President Bush (news - web sites) declared a major disaster area in Florida, making federal money available to Charlotte, Lee, Manatee and Sarasota counties. One million customers were reported without power statewide, including all of Hardee County and Punta Gorda.
The Category 4 storm was stronger than expected when the eye reached the mainland at Charlotte Harbor, pummeling the coast with winds reaching 145 mph and a surge of sea water of 13 to 15 feet.

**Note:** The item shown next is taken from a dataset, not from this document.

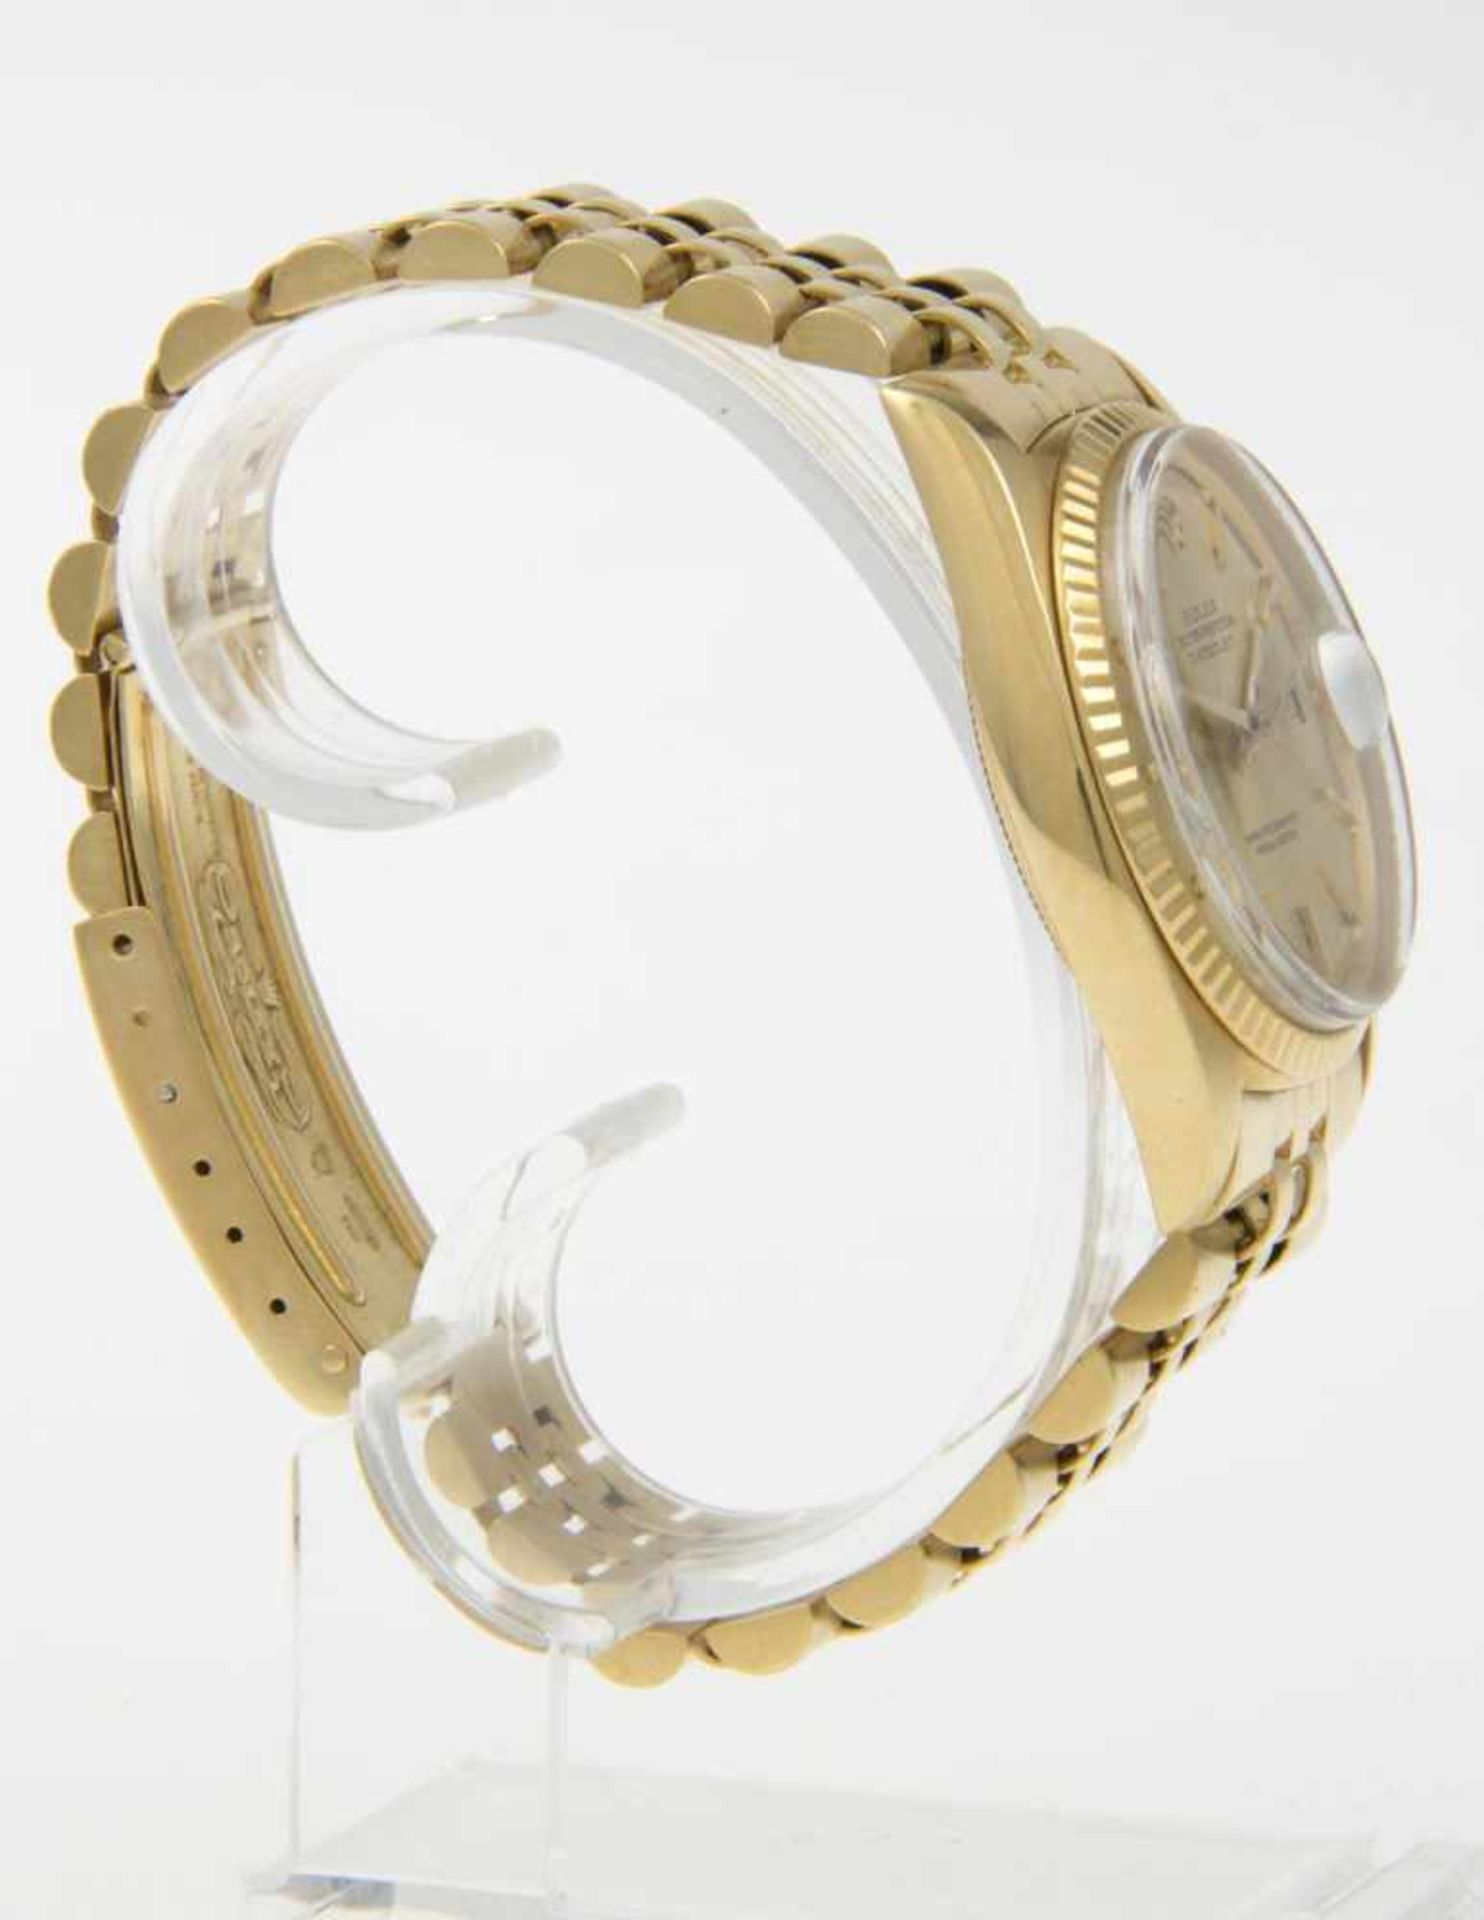 Rolex-Armbanduhr DatejustGehäuse und Armband aus Gelbgold 750. Plexiglas. Vergoldetes Zifferblatt - Bild 3 aus 4

Charley was forecast to spread sustained winds of about 40 mph to 60 mph across inland portions of eastern North Carolina and to dump 3 to 6 inches of rain beginning Saturday morning, forecasters said. Gov. Mike Easley declared a state of emergency.
In South Carolina, roads clogged Friday night as tourists and residents of the state's Grand Strand beaches and high-dollar homes and hotels heeded a mandatory evacuation order. Gov. Mark Sanford had urged voluntary evacuation earlier Friday.
At Charlotte Regional Medical Center in Punta Gorda, 40 people sought treatment for storm injuries. The hospital was so badly damaged that patients were transferred to other hospitals.
"We can't keep patients here," CEO Josh Putter said. "Every roof is damaged, lots of water damage, half our windows are blown out."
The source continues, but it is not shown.